▸ ACTION ITEM
After finding "Selfie ideas men" in the data, write out its line and all following lines without change, up to and including the last one. Leave out pictures.

Items listed in a dataset
===============
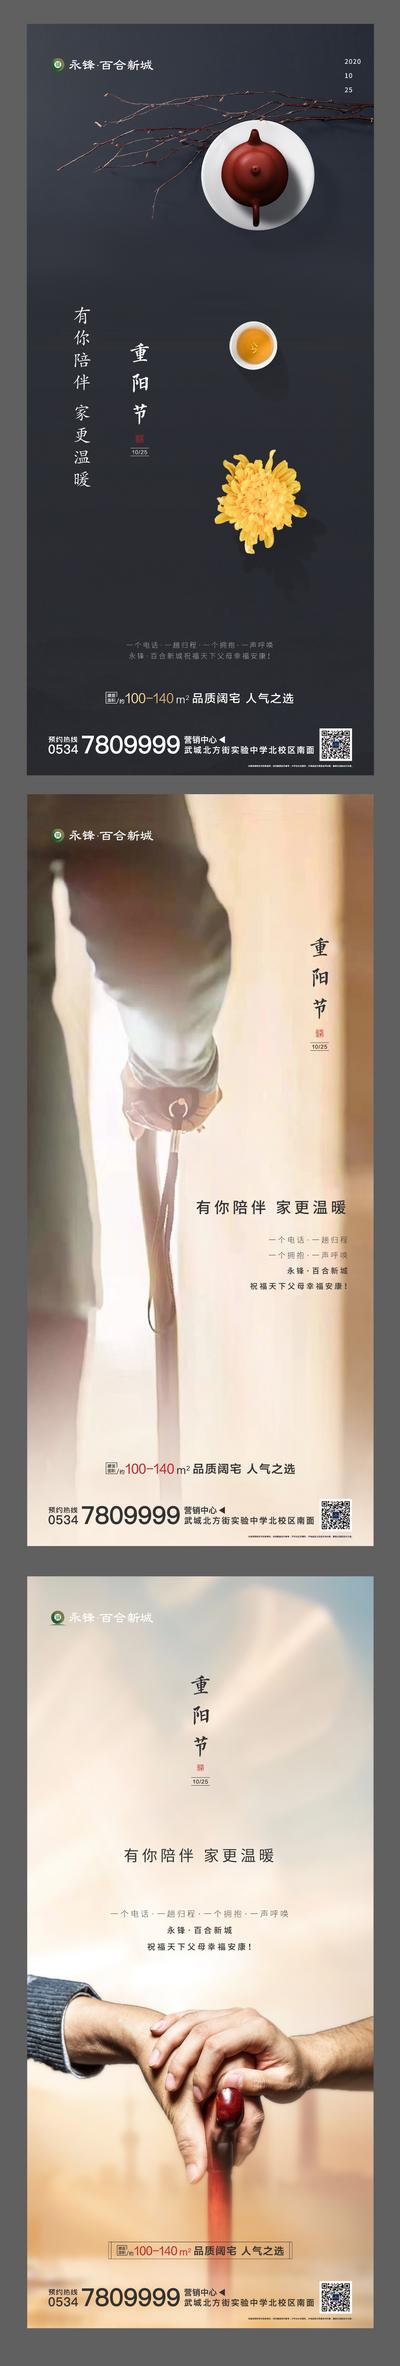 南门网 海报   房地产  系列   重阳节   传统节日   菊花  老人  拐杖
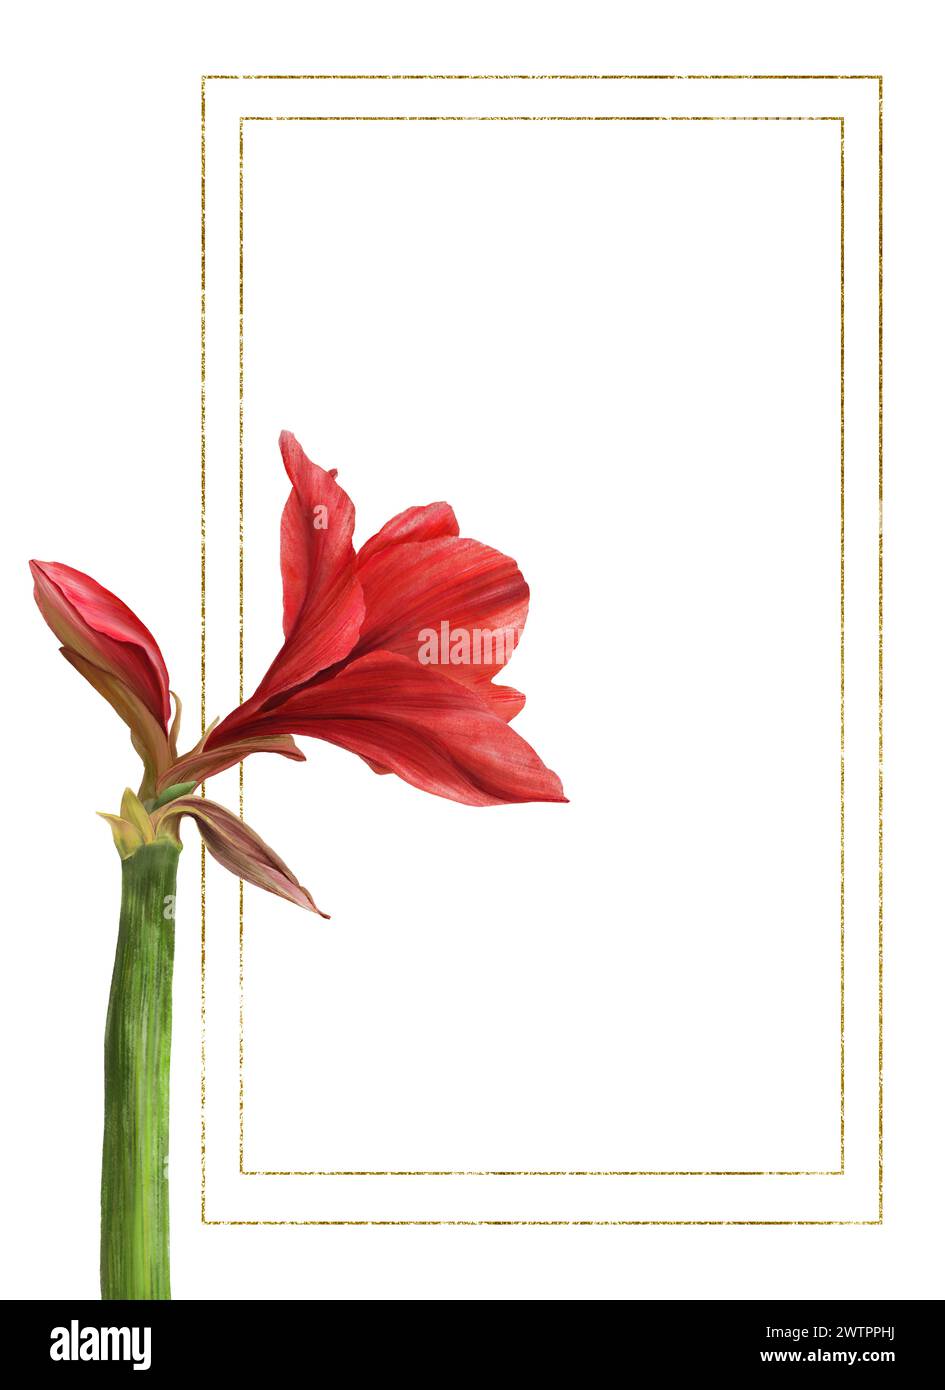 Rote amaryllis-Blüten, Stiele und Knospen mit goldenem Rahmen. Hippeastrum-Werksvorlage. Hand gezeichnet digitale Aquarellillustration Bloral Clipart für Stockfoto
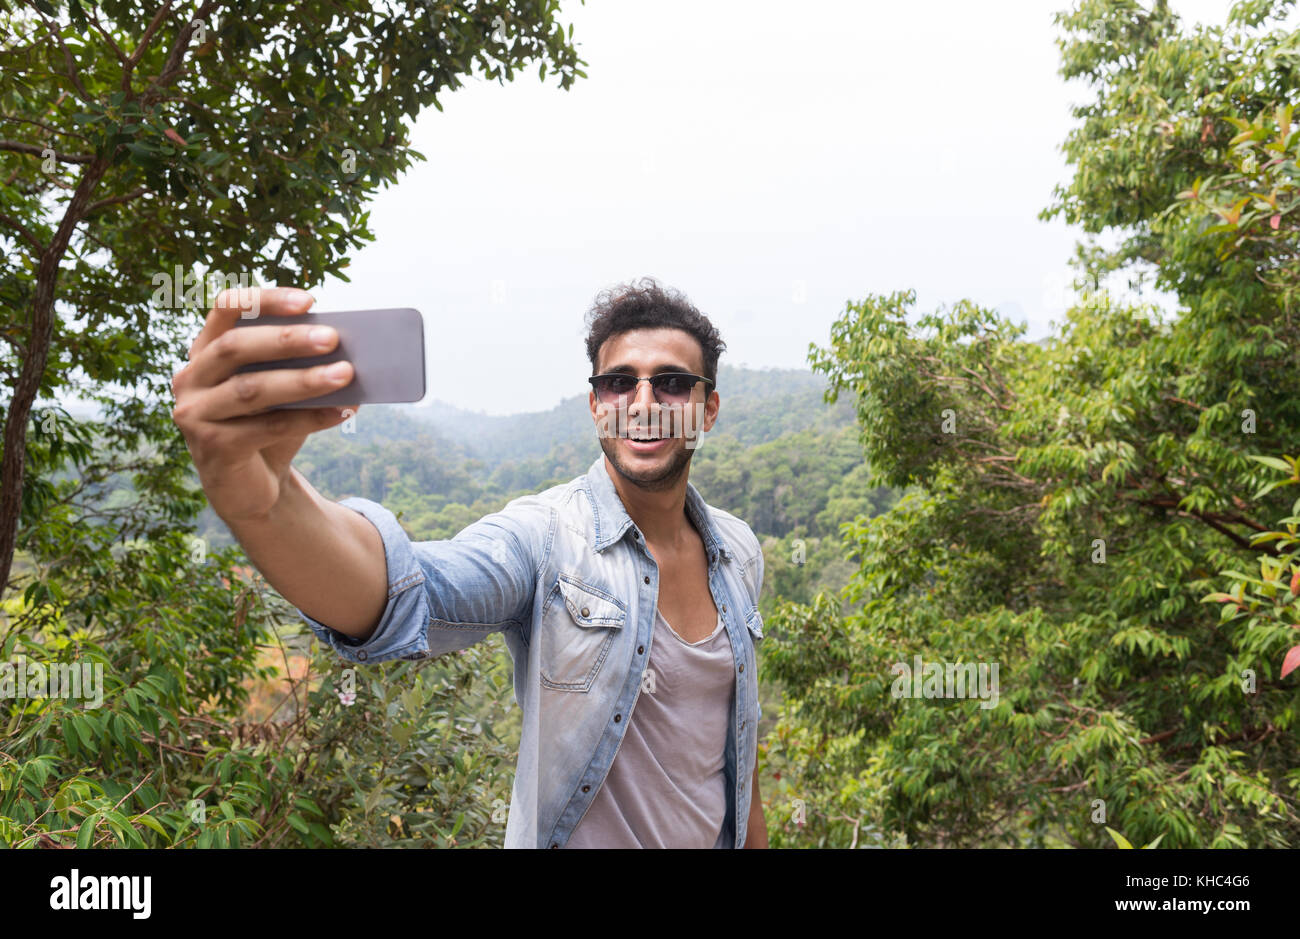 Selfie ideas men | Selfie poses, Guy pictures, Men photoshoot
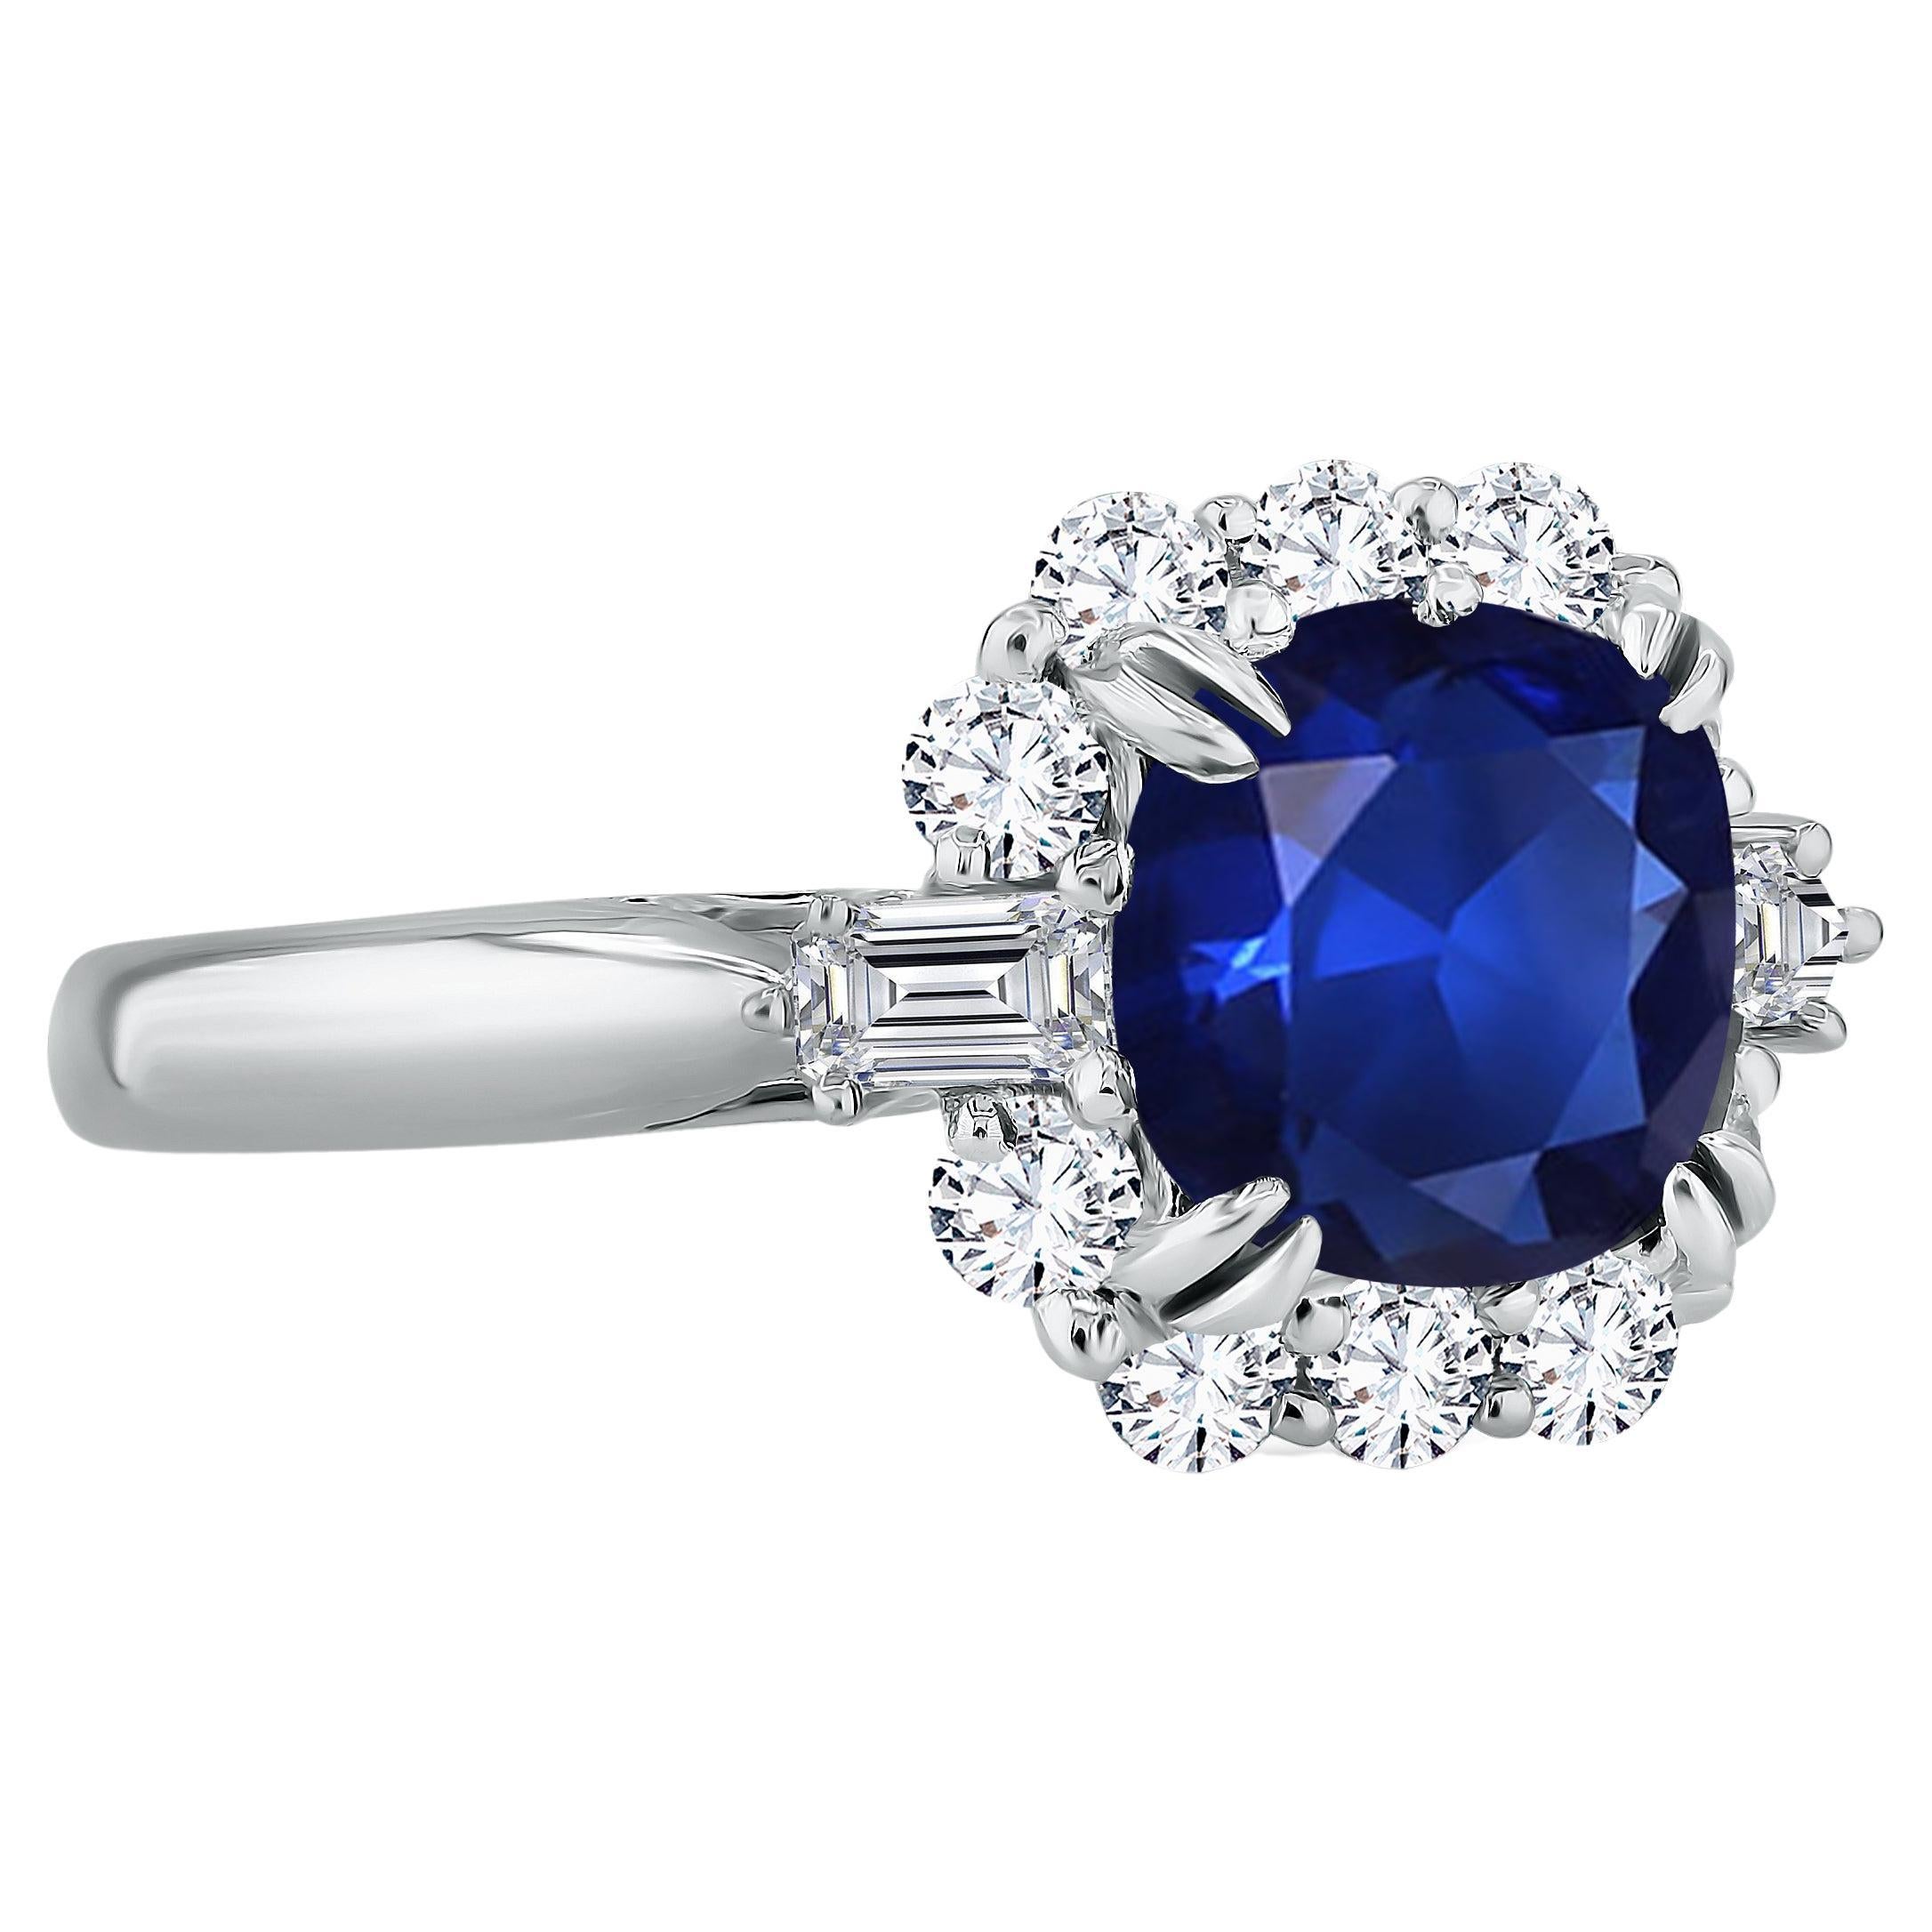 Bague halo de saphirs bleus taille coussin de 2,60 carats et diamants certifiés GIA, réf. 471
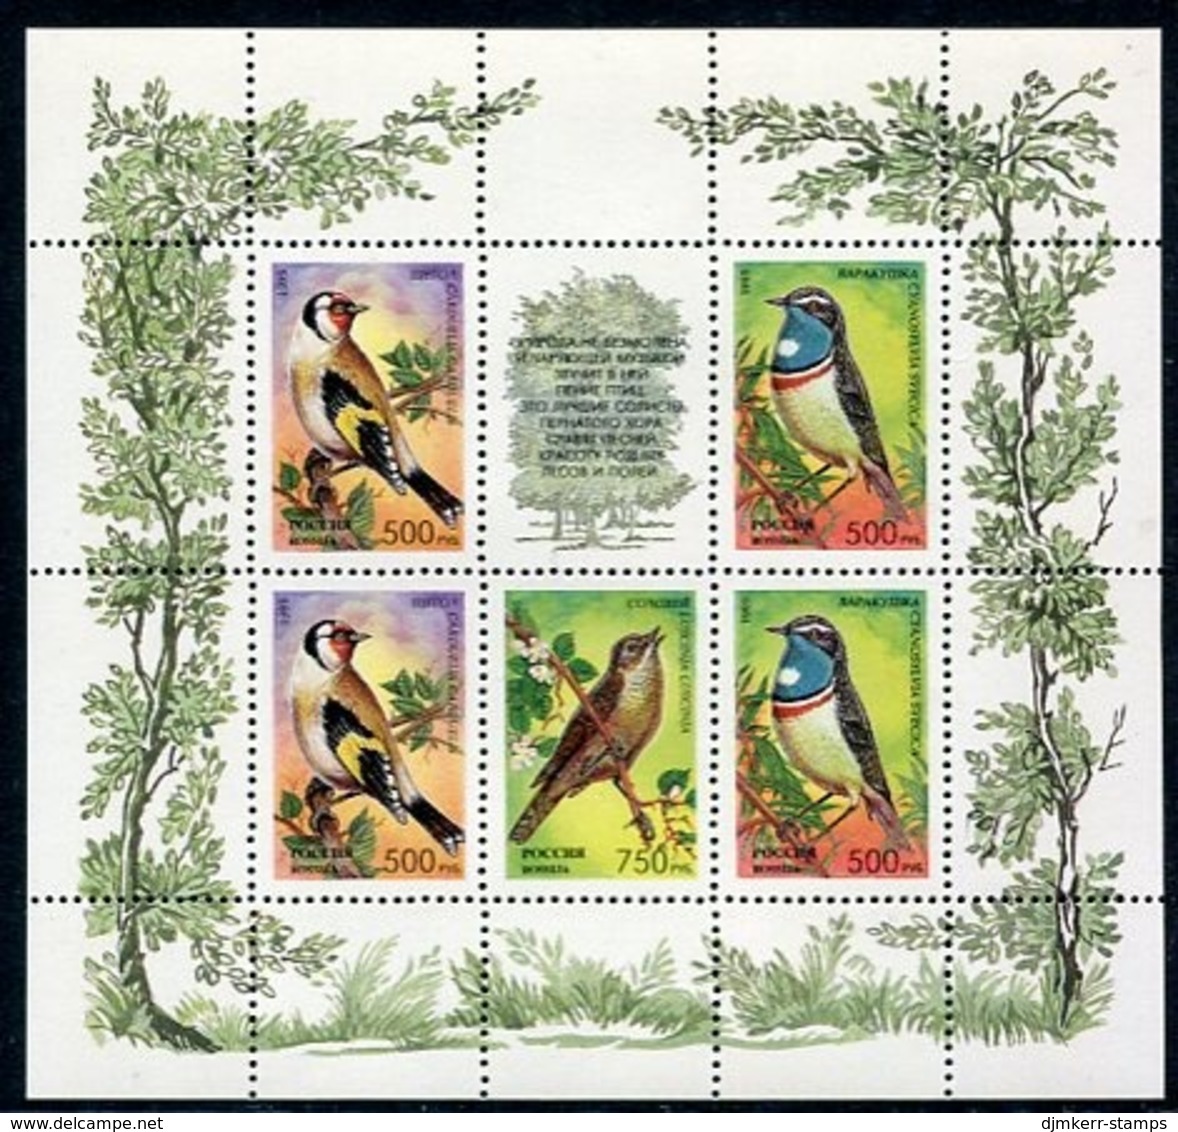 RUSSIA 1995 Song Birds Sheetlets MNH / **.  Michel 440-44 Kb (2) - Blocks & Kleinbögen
===============
▸ OUTPUT FOR THIS EXERCISE
 Selfie ideas men | Selfie poses, Guy pictures, Men photoshoot
 Bague halo de saphirs bleus taille coussin de 2,60 carats et diamants certifiés GIA, réf. 471
 RUSSIA 1995 Song Birds Sheetlets MNH / **.  Michel 440-44 Kb (2) - Blocks & Kleinbögen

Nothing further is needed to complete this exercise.